Define Tools as OpenAI Function Schemas

TOOL_SCHEMAS = [
    {
        "type": "function",
        "function": {
            "name": "search_wikipedia",
            "description": "Search Wikipedia for a query and return the first paragraph.",
            "parameters": {
                "type": "object",
                "properties": {
                    "query": {"type": "string", "description": "The search query"}
                },
                "required": ["query"],
            },
        },
    },
    {
        "type": "function",
        "function": {
            "name": "calculator",
            "description": "Evaluate a mathematical expression.",
            "parameters": {
                "type": "object",
                "properties": {
                    "expression": {"type": "string", "description": "Math expression to evaluate"}
                },
                "required": ["expression"],
            },
        },
    },
    {
        "type": "function",
        "function": {
            "name": "get_current_weather",
            "description": "Get current weather for a city.",
            "parameters": {
                "type": "object",
                "properties": {
                    "city": {"type": "string", "description": "City name"}
                },
                "required": ["city"],
            },
        },
    },
]

The Function-Calling Agent Loop

With native function calling, the LLM returns structured tool_calls objects instead of text to parse:

def run_function_calling_agent(
    query: str,
    tools: dict = TOOLS,
    tool_schemas: list = TOOL_SCHEMAS,
    model: str = "gpt-4o-mini",
    max_steps: int = 8,
    verbose: bool = True,
) -> str:
    """ReAct agent using OpenAI's native function calling."""
    messages = [
        {"role": "system", "content": "You are a helpful assistant. Use tools to answer questions accurately."},
        {"role": "user", "content": query},
    ]

    for step in range(max_steps):
        response = client.chat.completions.create(
            model=model,
            messages=messages,
            tools=tool_schemas,
            tool_choice="auto",
            temperature=0,
        )

        msg = response.choices[0].message
        messages.append(msg)

        # If no tool calls, we have a final answer
        if not msg.tool_calls:
            if verbose:
                print(f"\n--- Step {step + 1}: Final Answer ---")
                print(msg.content)
            return msg.content

        # Process each tool call
        for tool_call in msg.tool_calls:
            name = tool_call.function.name
            args = json.loads(tool_call.function.arguments)

            if verbose:
                print(f"\n--- Step {step + 1}: Tool Call ---")
                print(f"  Tool: {name}")
                print(f"  Args: {args}")

            if name in tools:
                result = tools[name](**args)
            else:
                result = f"Error: Unknown tool '{name}'"

            if verbose:
                print(f"  Result: {result[:200]}...")
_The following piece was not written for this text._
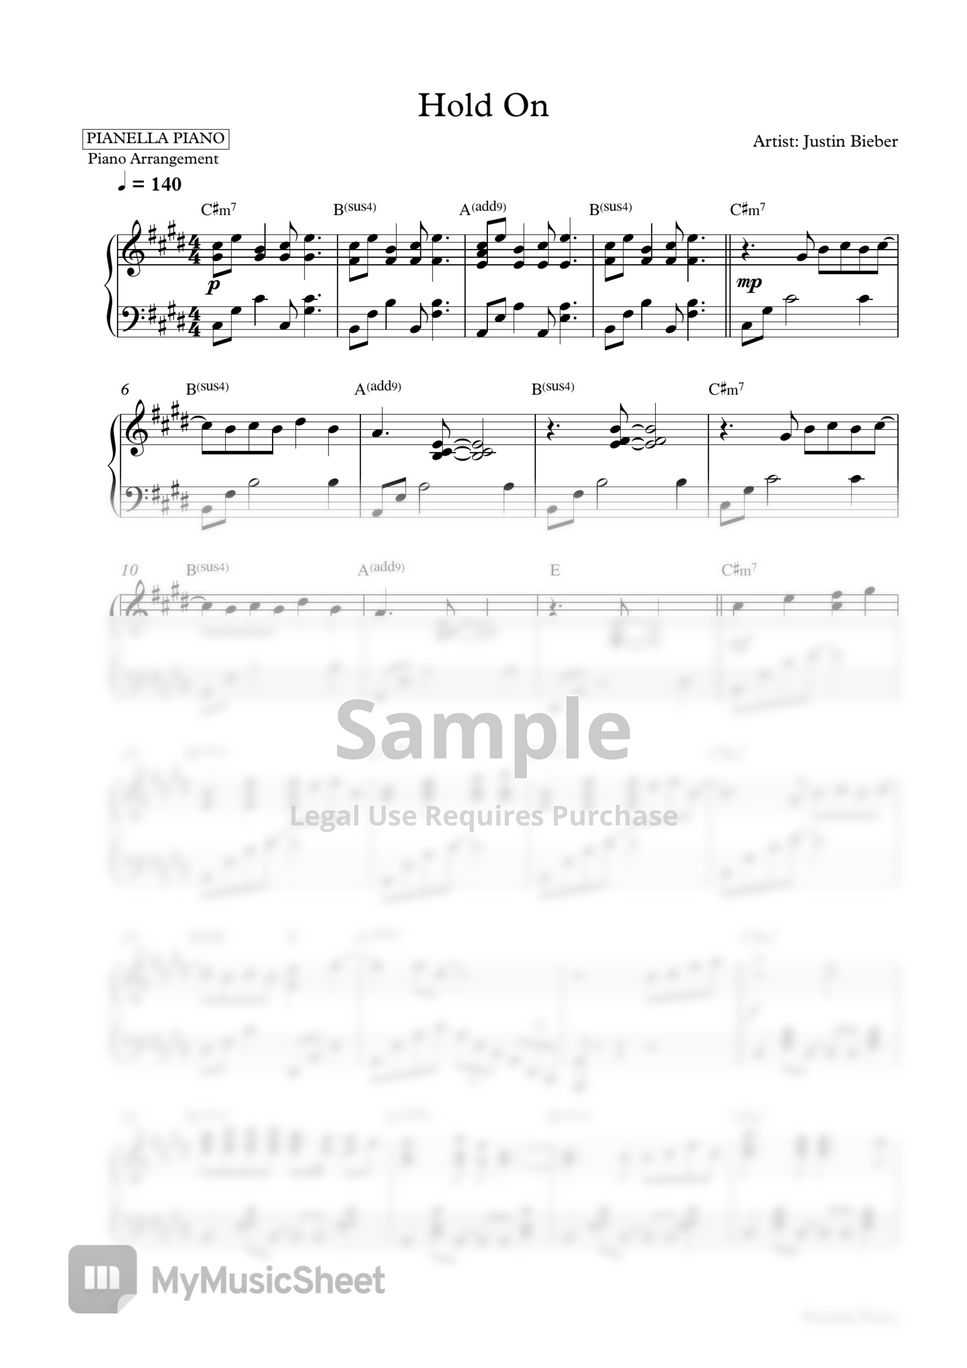 Justin Bieber - Hold On (Piano Sheet) by Pianella Piano

            # Append the tool result
            messages.append({
                "role": "tool",
                "tool_call_id": tool_call.id,
                "content": str(result),
            })

    return "Agent reached maximum steps."
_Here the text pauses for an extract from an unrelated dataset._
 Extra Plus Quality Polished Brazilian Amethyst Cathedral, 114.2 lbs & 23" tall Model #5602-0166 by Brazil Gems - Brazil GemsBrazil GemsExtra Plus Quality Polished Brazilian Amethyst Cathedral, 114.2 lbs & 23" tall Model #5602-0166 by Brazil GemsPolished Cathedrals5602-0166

Text Parsing vs. Function Calling

Aspect Text Parsing (Raw ReAct) Native Function Calling
Reliability Fragile — regex can break on format variations Robust — structured JSON output
Model compatibility Works with any LLM (including open-source) Requires function-calling support (OpenAI, Anthropic, etc.)
Parallel tool calls One tool per step Can call multiple tools in one step
Transparency Explicit Thought: traces visible Thoughts may be hidden in internal reasoning
Latency One LLM call per step Same, but can batch parallel calls

Recommendation: Use native function calling for production agents with supported models. Use text-parsed ReAct when working with open-source models or when you need explicit thought visibility.

ReAct Agent with LangGraph

LangGraph models the ReAct loop as a state graph — nodes are processing steps, edges define the flow, and conditional edges handle the “should I call a tool or return?” decision.

Architecture

graph TD
    A["__start__"] --> B["agent"]
    B --> C{"Tool calls<br/>in response?"}
    C -->|Yes| D["tools"]
    C -->|No| E["__end__"]
    D --> B

    style A fill:#4a90d9,color:#fff,stroke:#333
    style B fill:#9b59b6,color:#fff,stroke:#333
    style C fill:#f5a623,color:#fff,stroke:#333
    style D fill:#e67e22,color:#fff,stroke:#333
    style E fill:#1abc9c,color:#fff,stroke:#333

The graph has two nodes:

  1. agent: Calls the LLM with the current messages and tools
  2. tools: Executes any tool calls from the LLM’s response

A conditional edge after the agent node checks if the response contains tool calls. If yes, route to the tools node (which loops back to agent). If no, route to end.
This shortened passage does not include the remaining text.